▶ Supplied material:
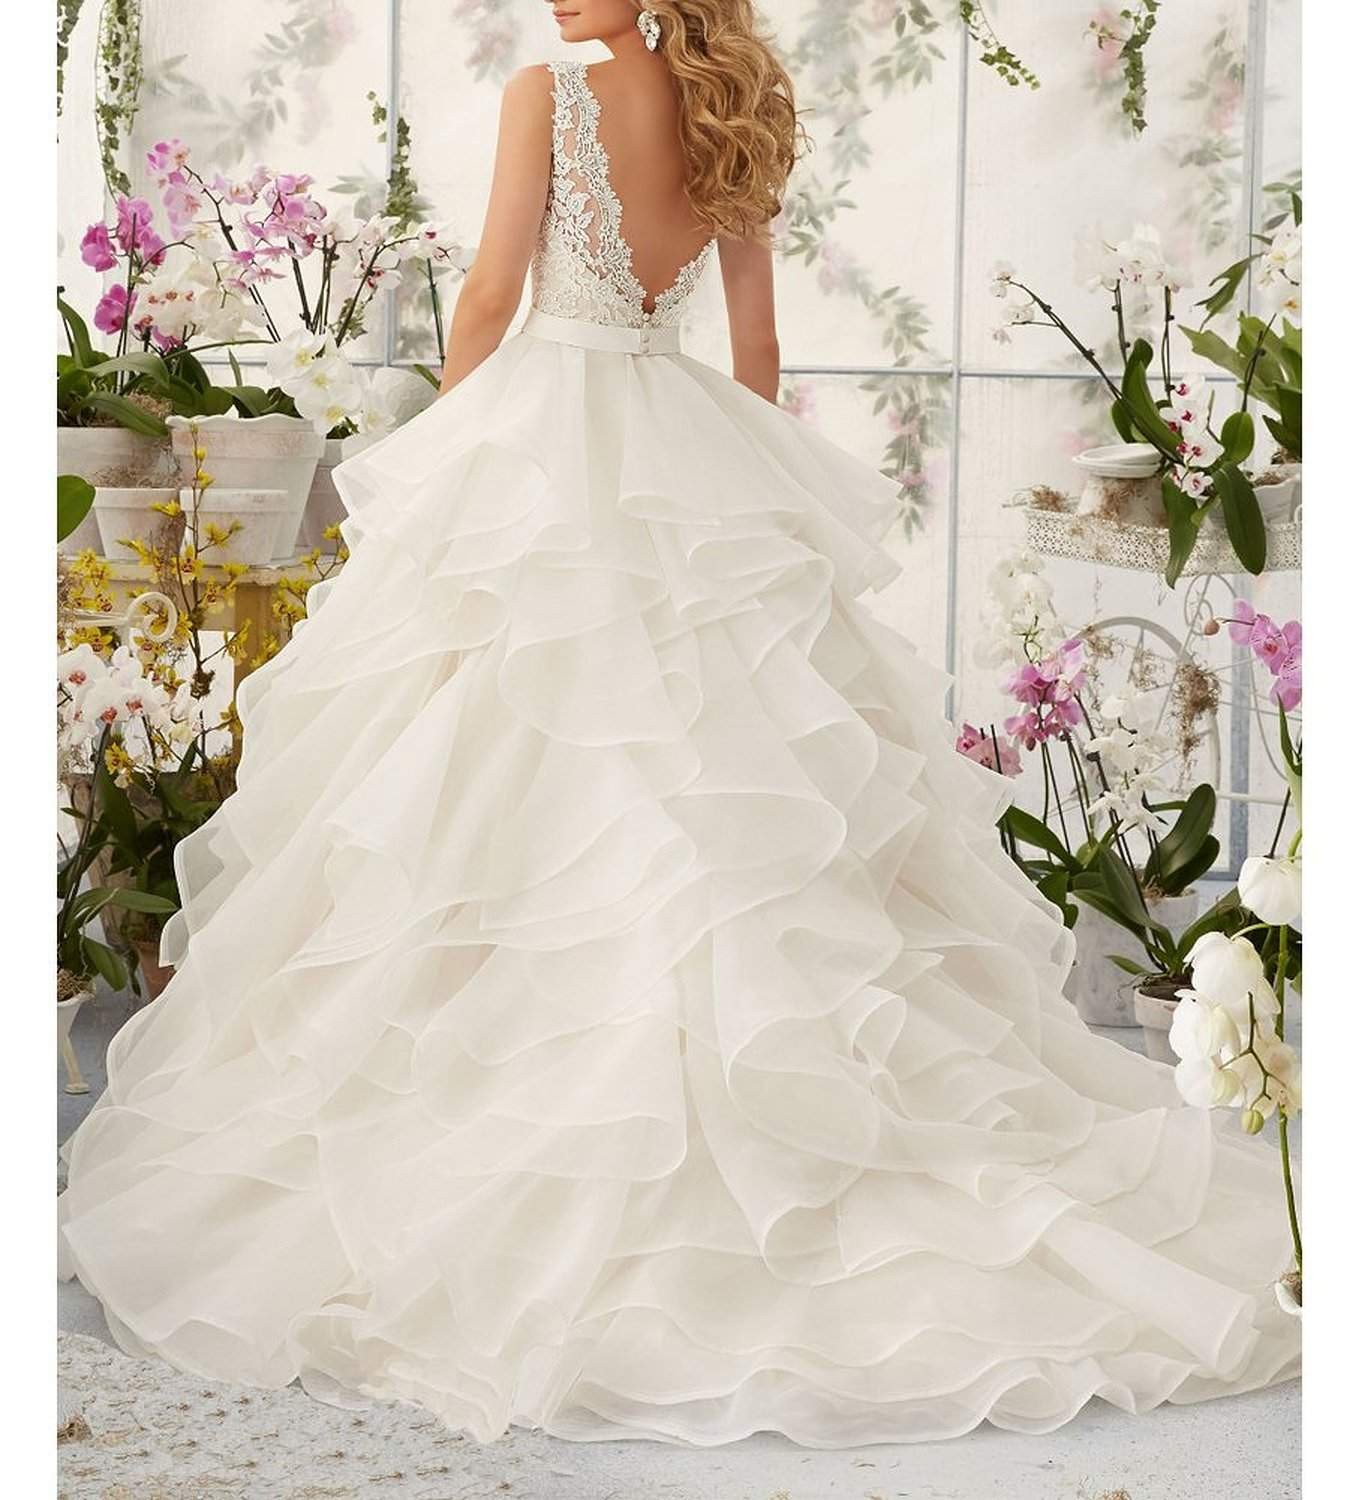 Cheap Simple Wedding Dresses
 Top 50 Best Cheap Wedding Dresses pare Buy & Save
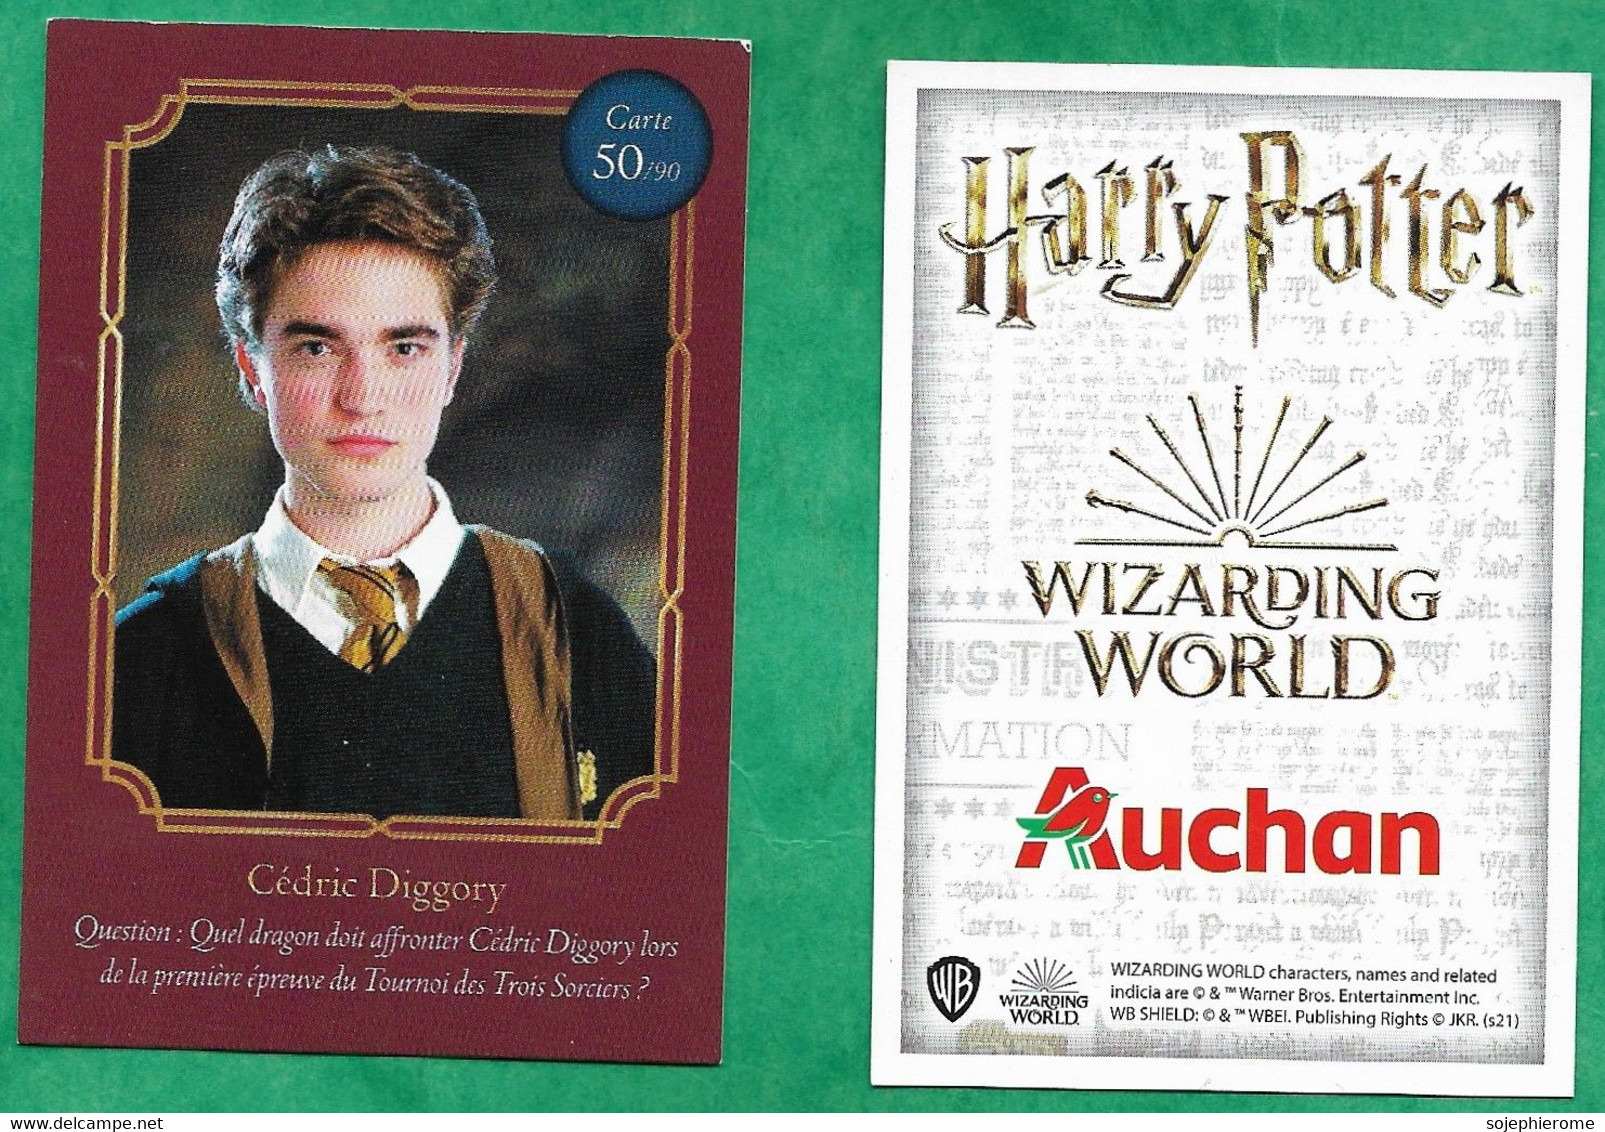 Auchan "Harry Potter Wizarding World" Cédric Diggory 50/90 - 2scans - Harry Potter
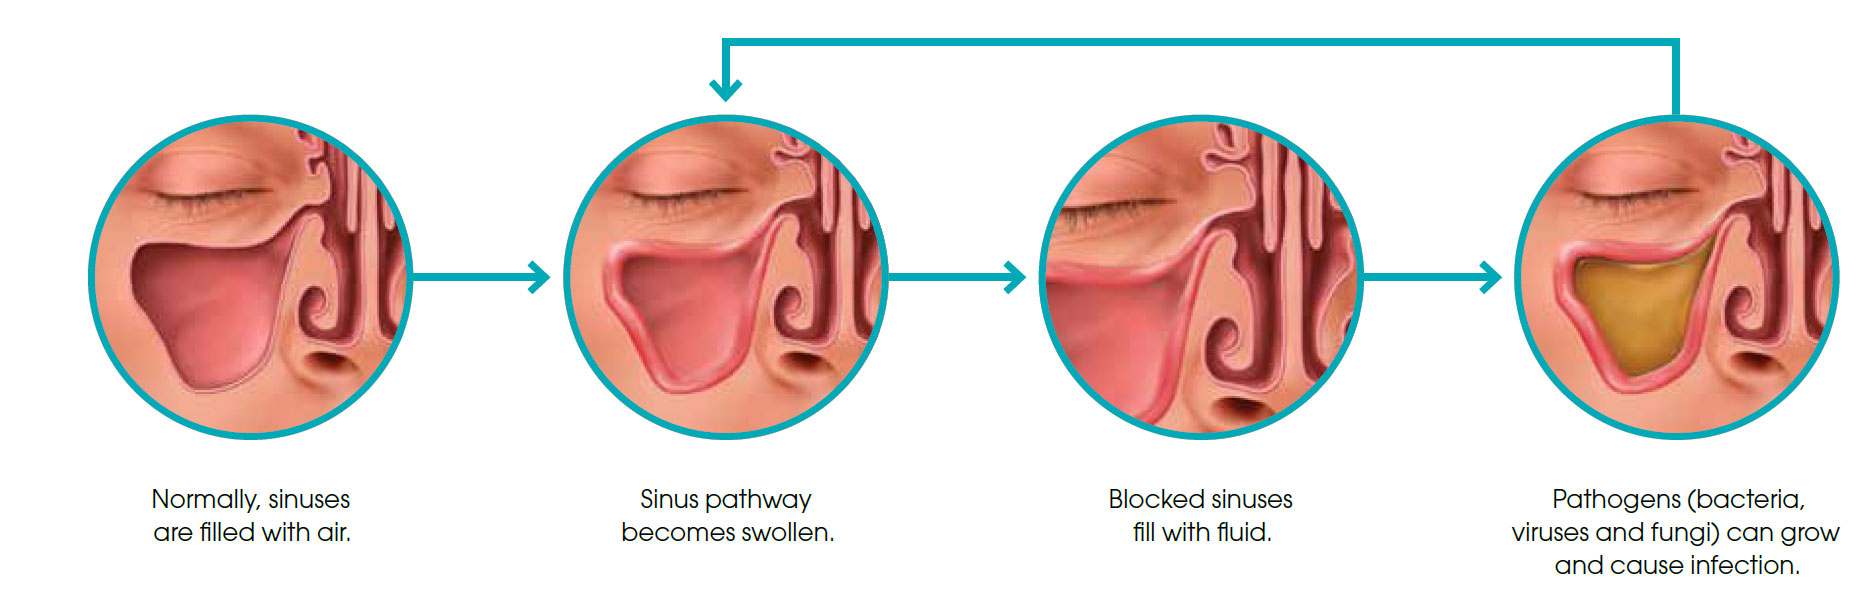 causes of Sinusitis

▶ Instructions to follow: Your copy should hold only the lines from the one containing "- Harry Potter" through the last line of the listing, both included, retyped exactly and free of pictures.

▶ Expected output:
 Auchan "Harry Potter Wizarding World" Cédric Diggory 50/90 - 2scans - Harry Potter
 causes of Sinusitis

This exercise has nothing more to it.